## [What the task asks]
Could you restate the data word for word and drop the pictures?

## [Data below]

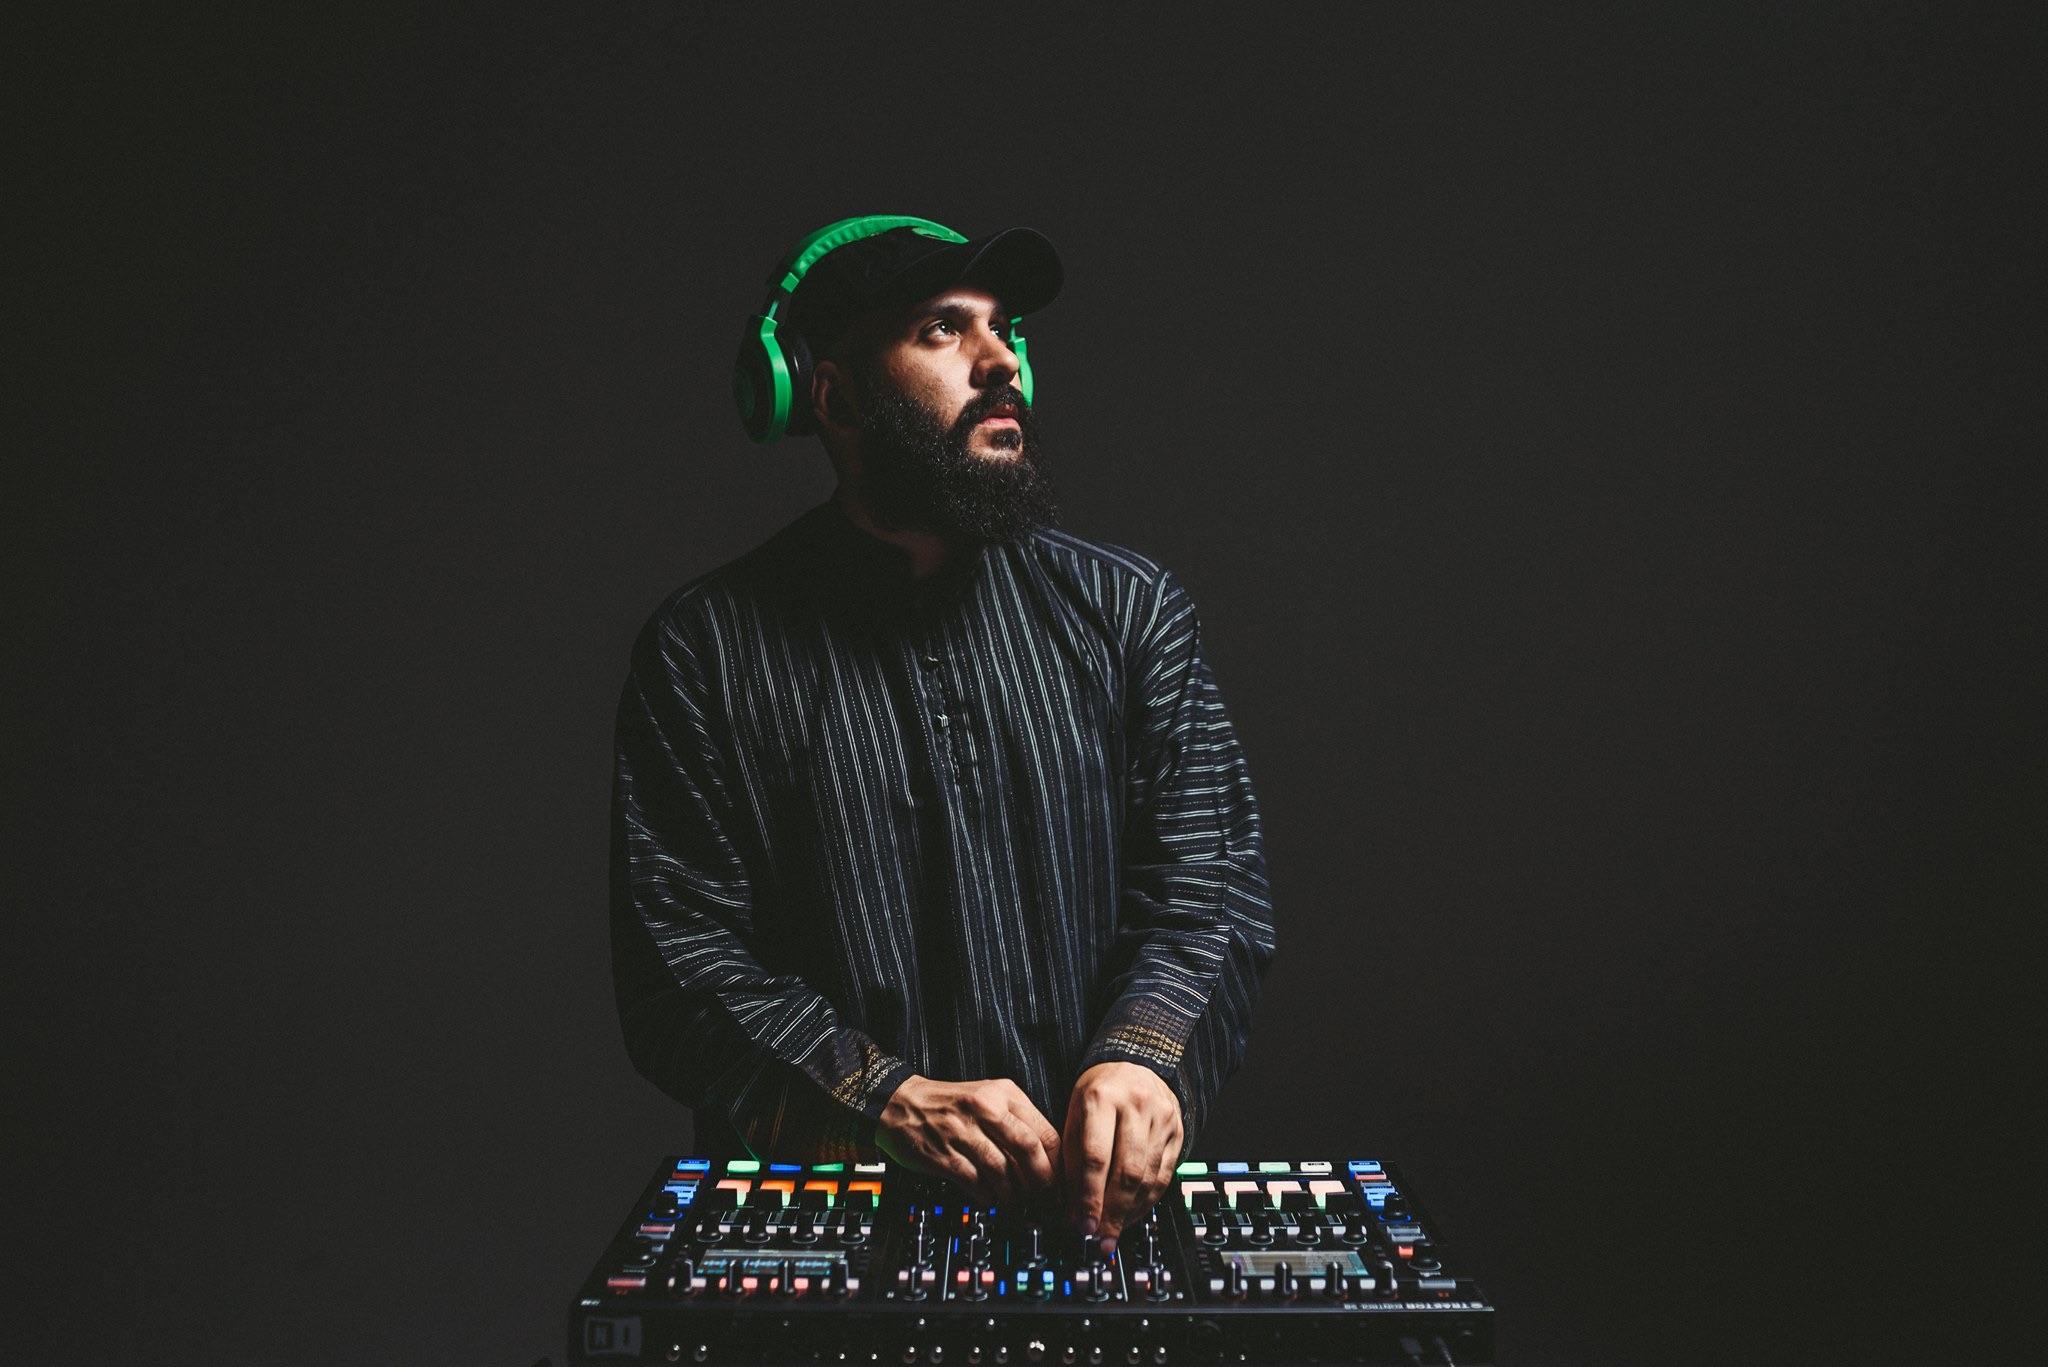 DJ Nightvisionnn
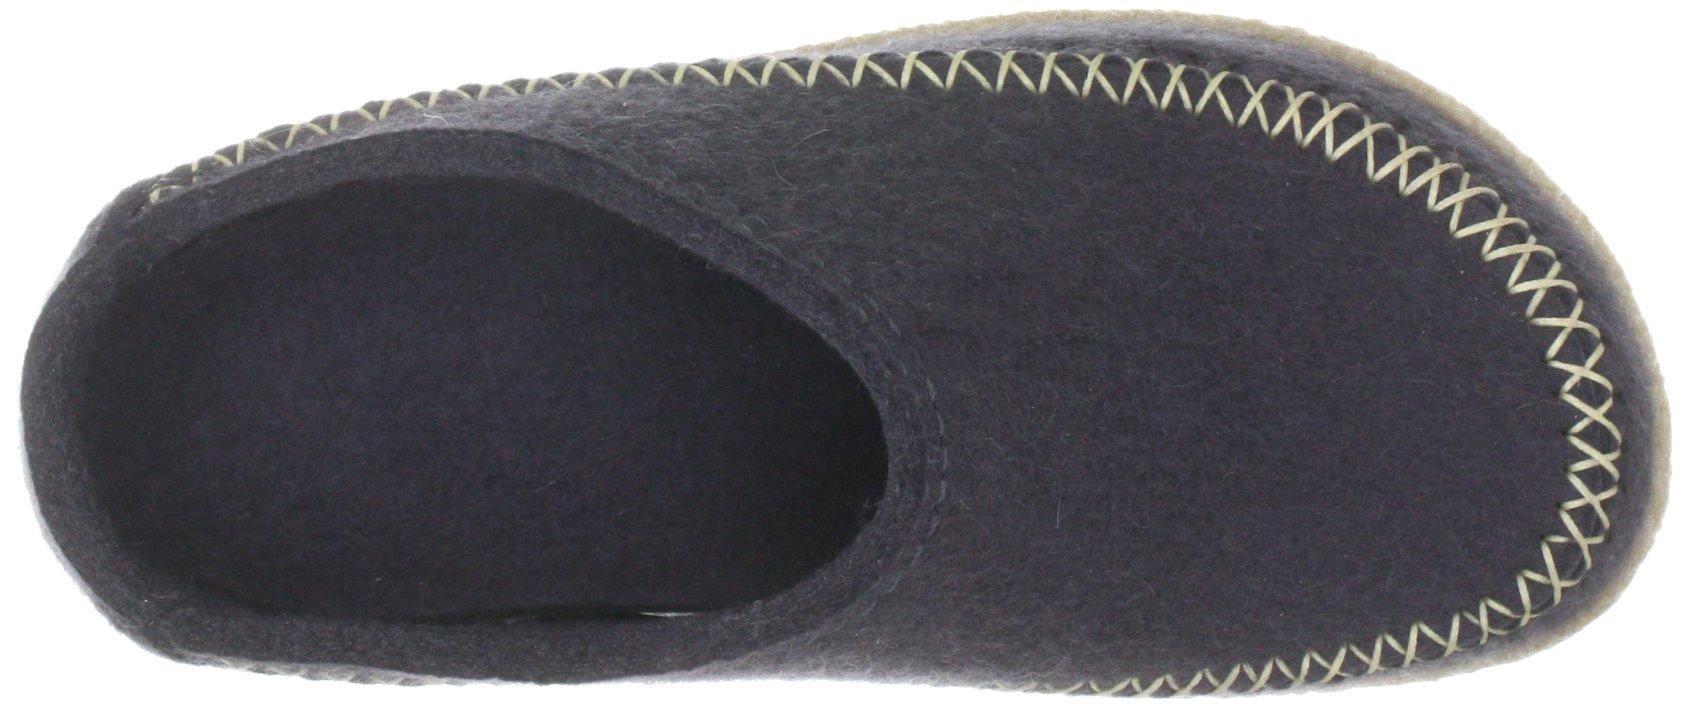 Haflinger 718001 Slippers, Filztofel Blizzard Credo, Asphalt, Gr 41 by Haflinger (Image #7)
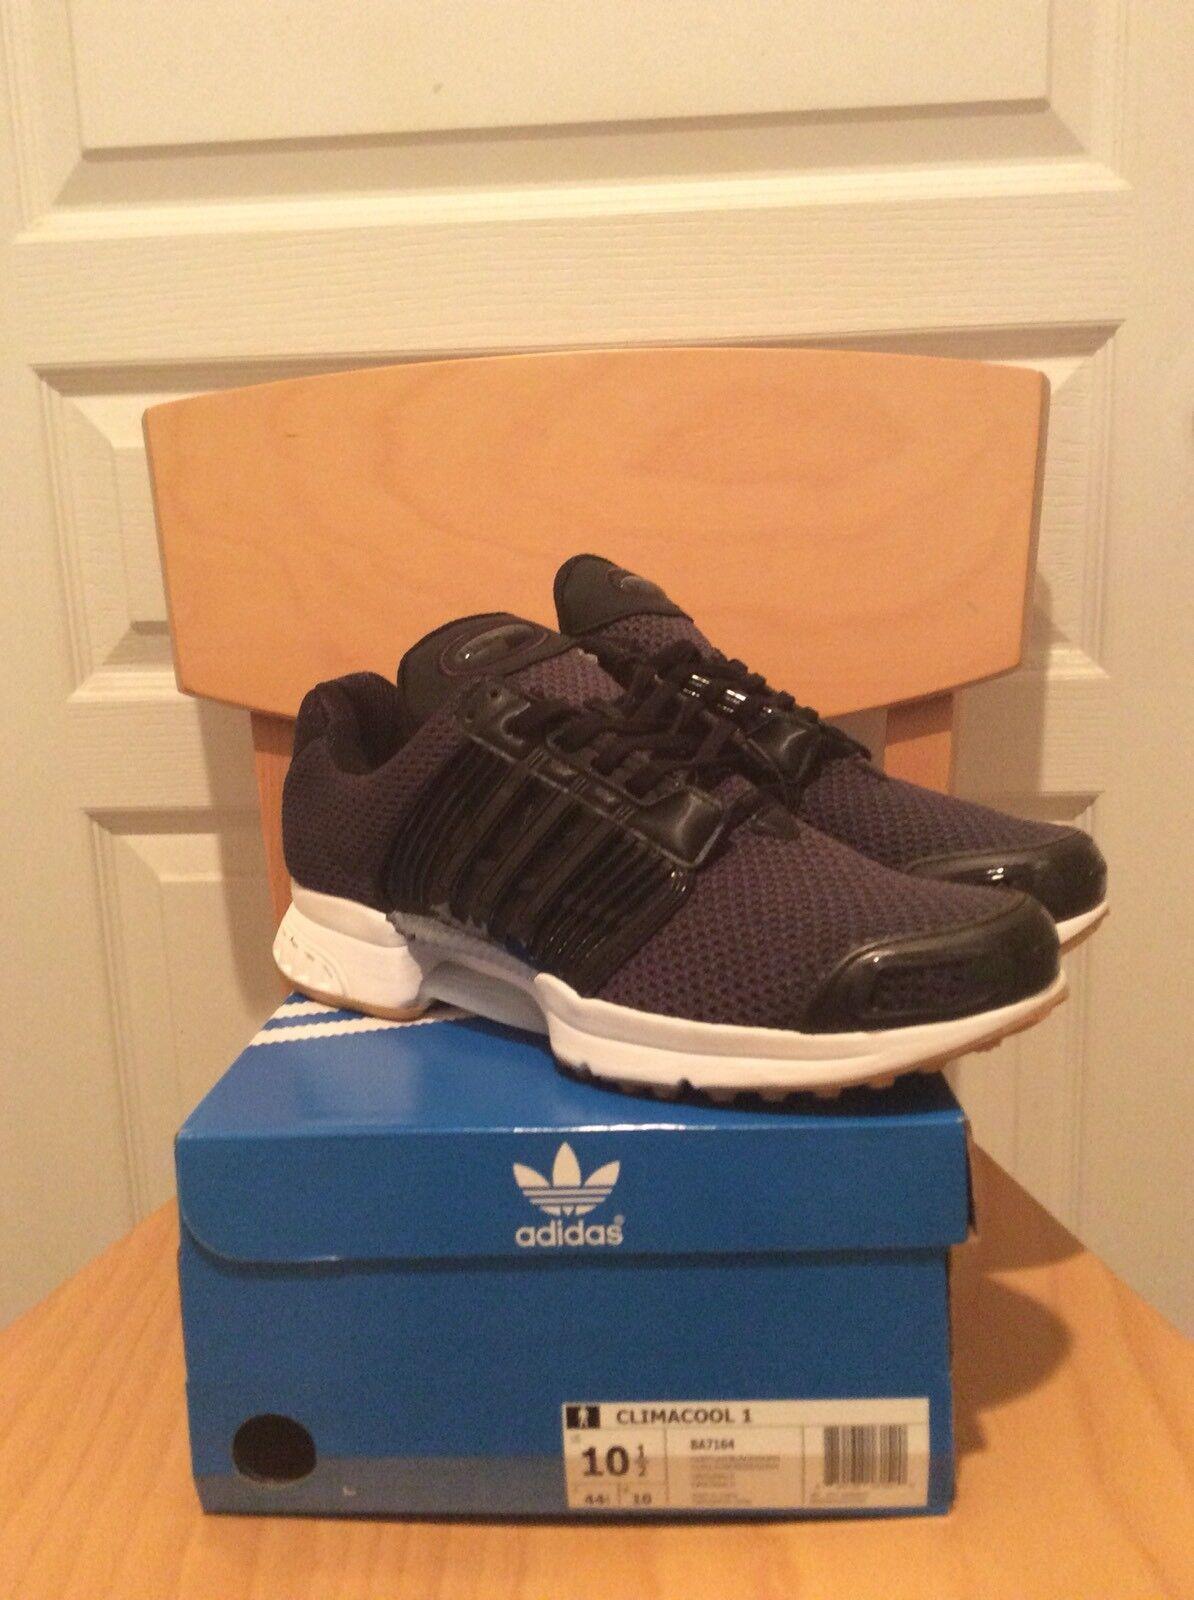 Adidas Adidas Adidas Climacool; Black White Gum; DS; BA7164; US 10.5 5e6518
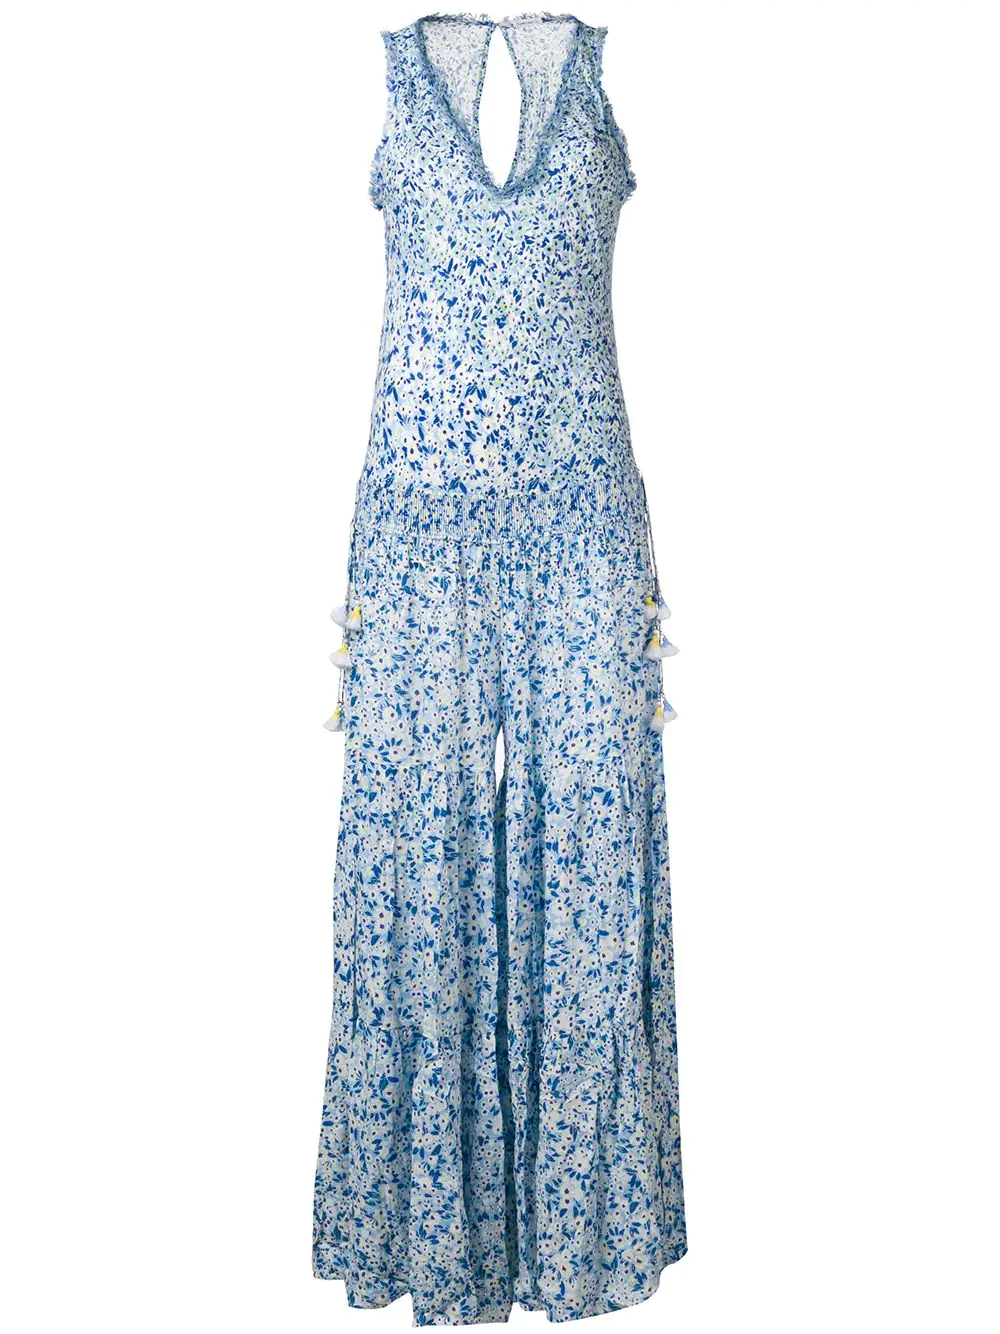 e4ca9dc35da9 Poupette St Barth Printed Palazzo Jumpsuit - Blue

## [Response for this exercise]
 DJ Nightvisionnn
 Haflinger 718001 Slippers, Filztofel Blizzard Credo, Asphalt, Gr 41 by Haflinger (Image #7)
 Adidas Adidas Adidas Climacool; Black White Gum; DS; BA7164; US 10.5 5e6518
 e4ca9dc35da9 Poupette St Barth Printed Palazzo Jumpsuit - Blue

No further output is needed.